(Records drawn from a dataset)
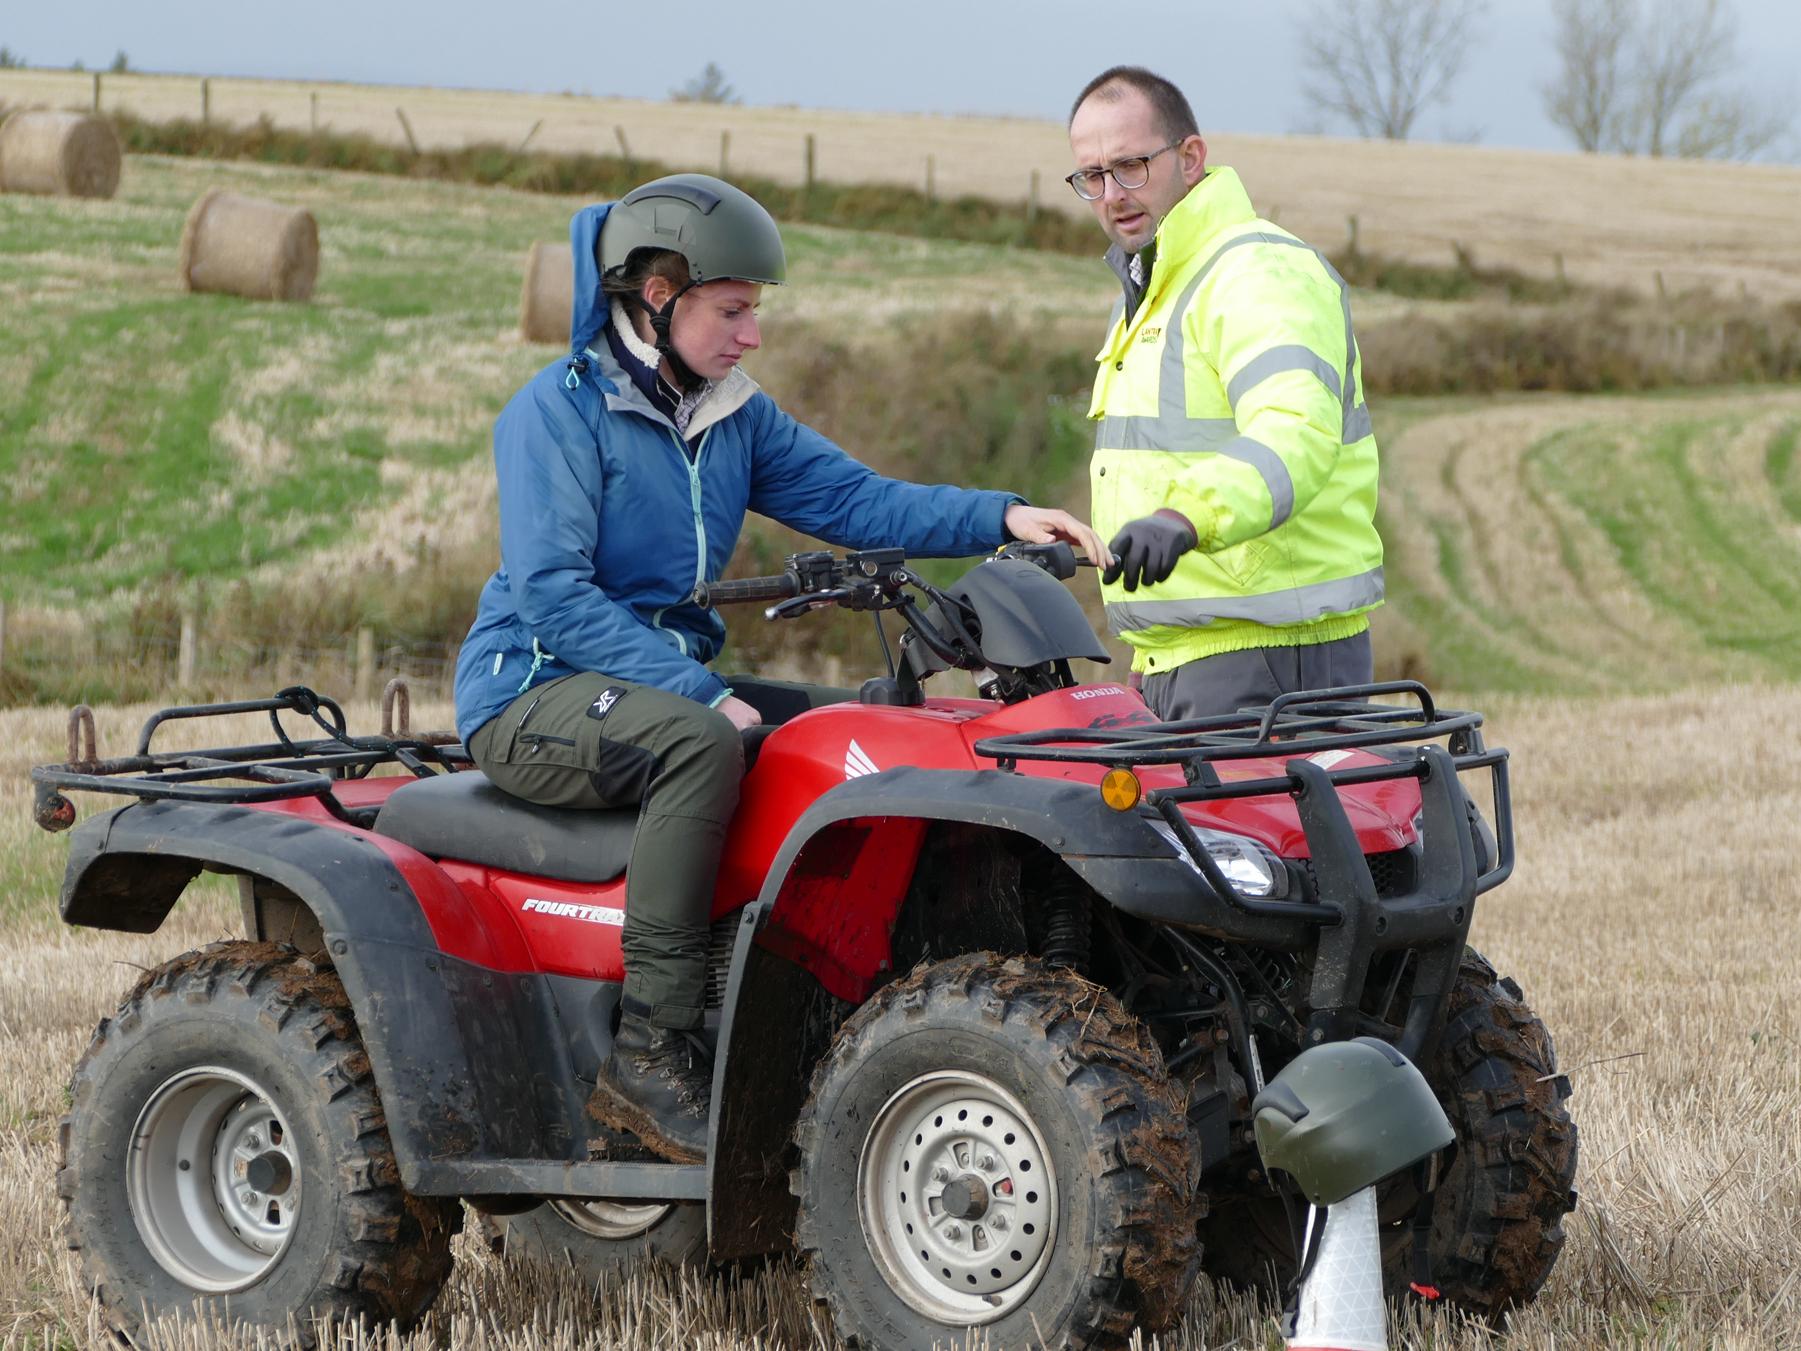 Woman using a quad bike with male instructor
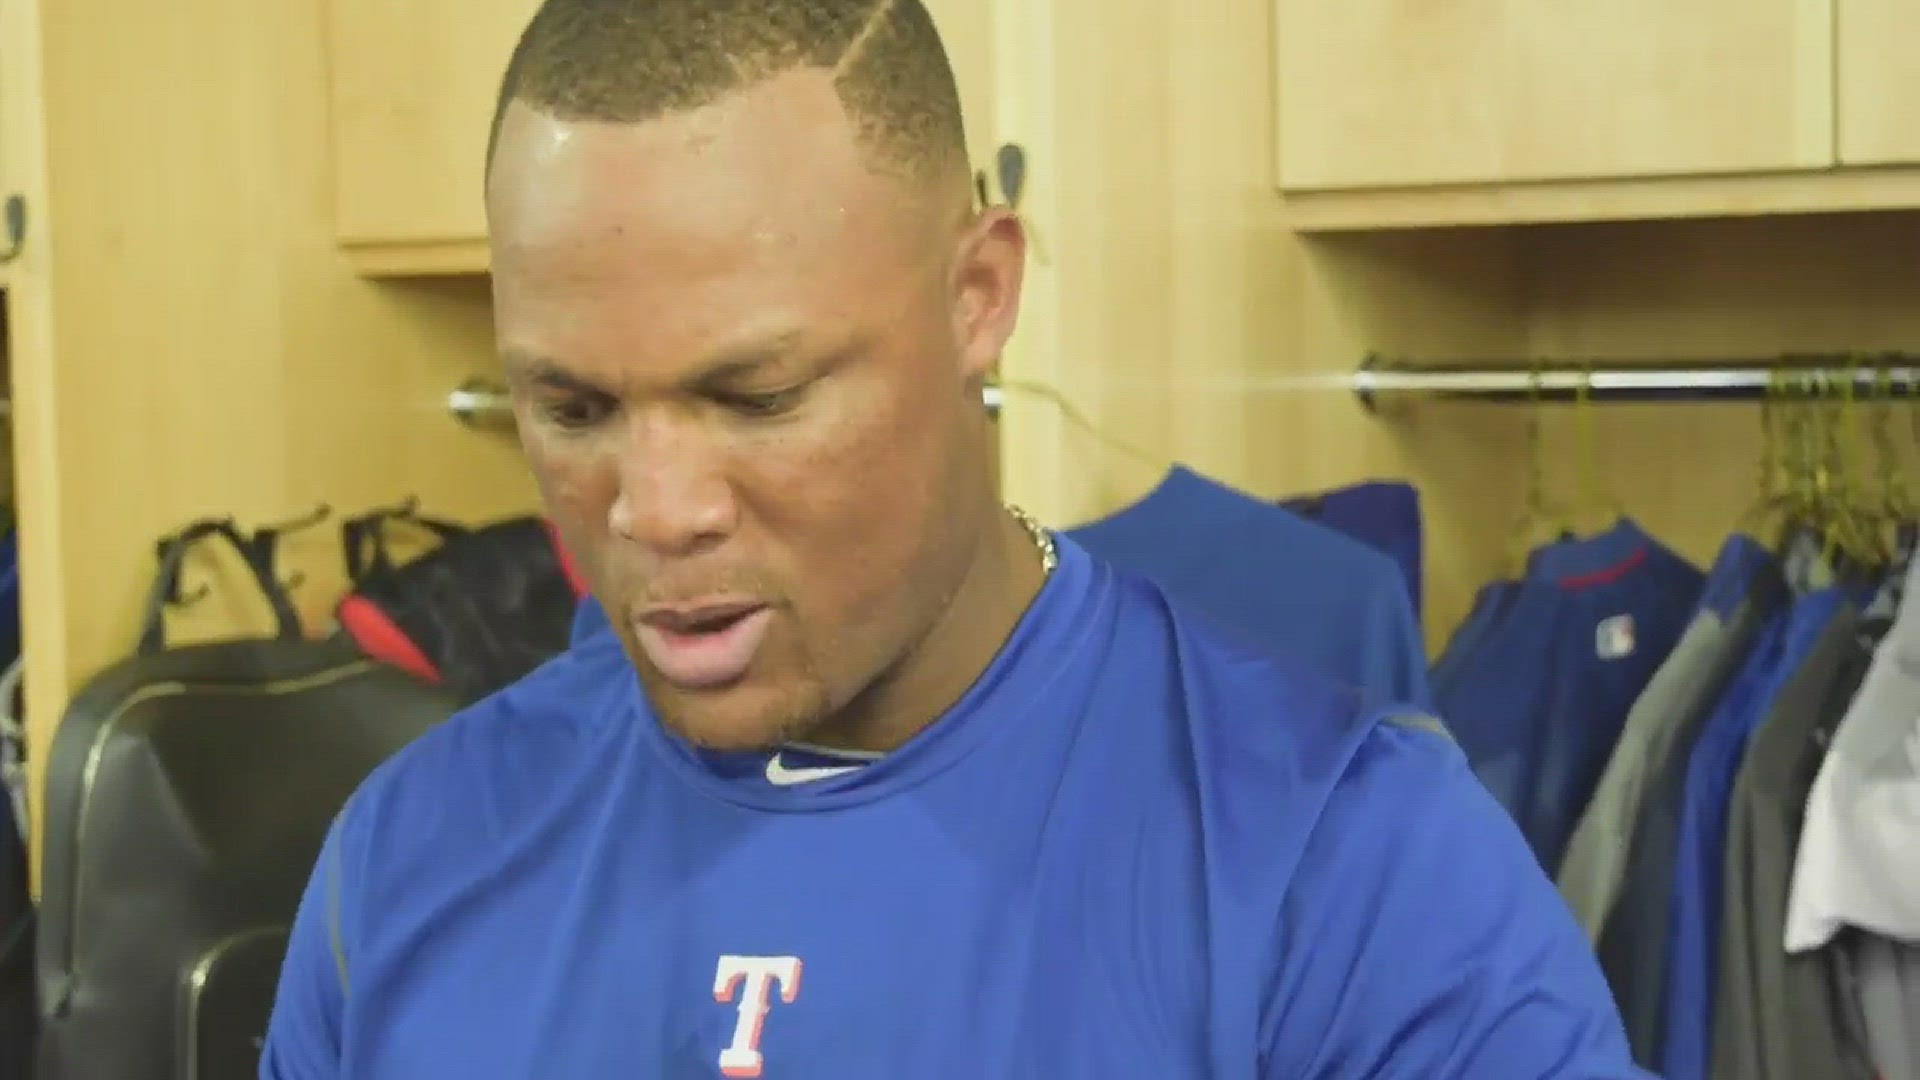 Adrian Beltre unexpectedly played in today's game against the Mariners in Surprise, AZ. After leaving the game, he spoke to the media about how he felt.
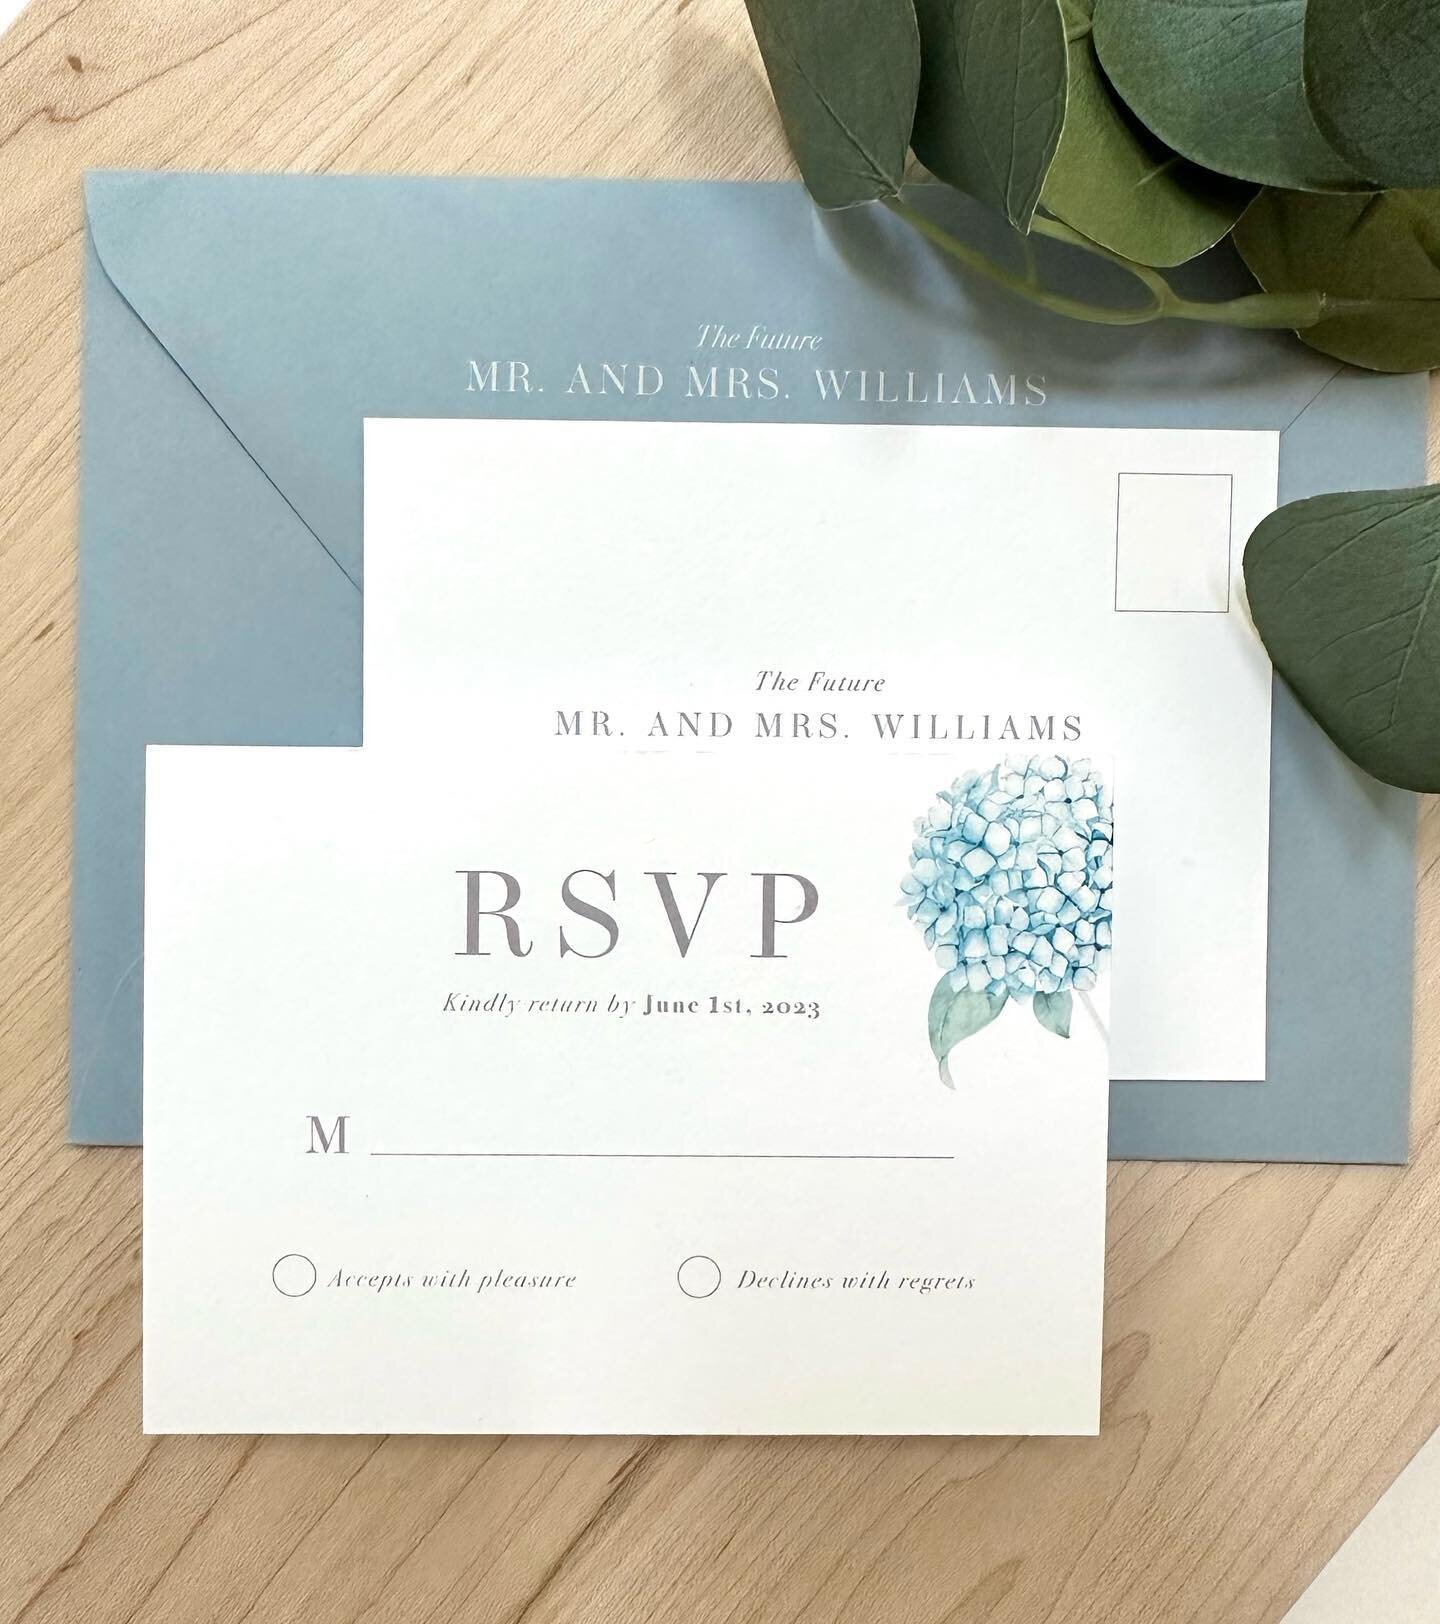 Have you ever thought about turning your RSVP card into a post card?! We love this idea! 
&bull;
&bull;
&bull;
&bull;
&bull;
#hydrangeas #weddingrsvp #rsvppostcard #weddingsuite #weddinginspiration #weddinginvitations #weddinginvite #weddingguest #br
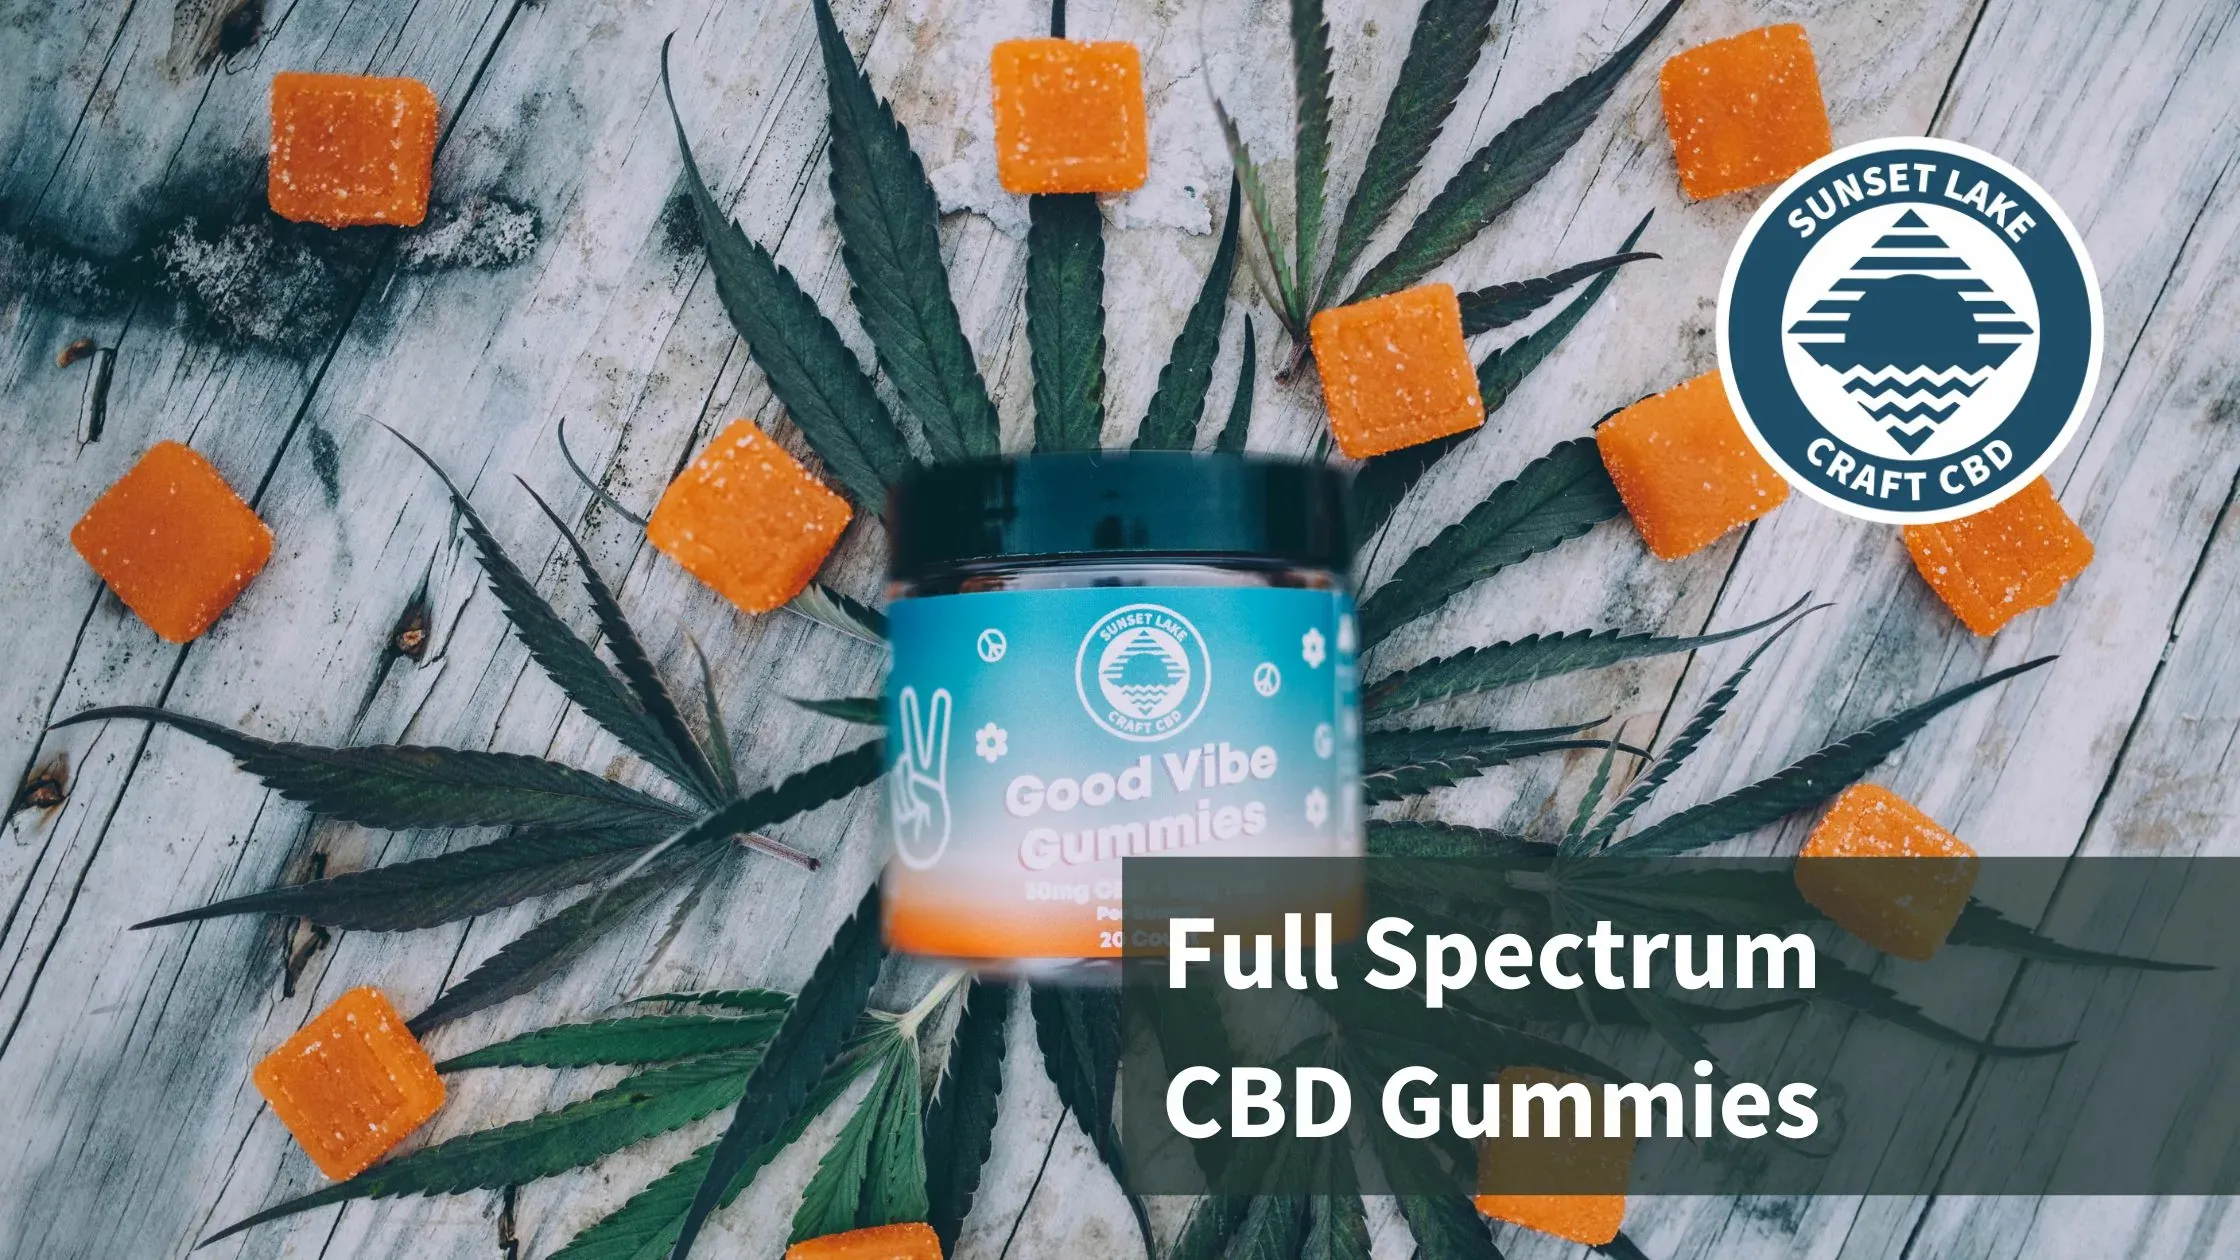 What Makes Full-Spectrum Gummies Different From Other CBD Gummies?

| Exercise instructions |
Give back each entry verbatim but drop its pictures.

| Your solution |
 Woman using a quad bike with male instructor
 Adrian Beltre unexpectedly played in today's game against the Mariners in Surprise, AZ. After leaving the game, he spoke to the media about how he felt.
 Have you ever thought about turning your RSVP card into a post card?! We love this idea! 
&bull;
&bull;
&bull;
&bull;
&bull;
#hydrangeas #weddingrsvp #rsvppostcard #weddingsuite #weddinginspiration #weddinginvitations #weddinginvite #weddingguest #br
 What Makes Full-Spectrum Gummies Different From Other CBD Gummies?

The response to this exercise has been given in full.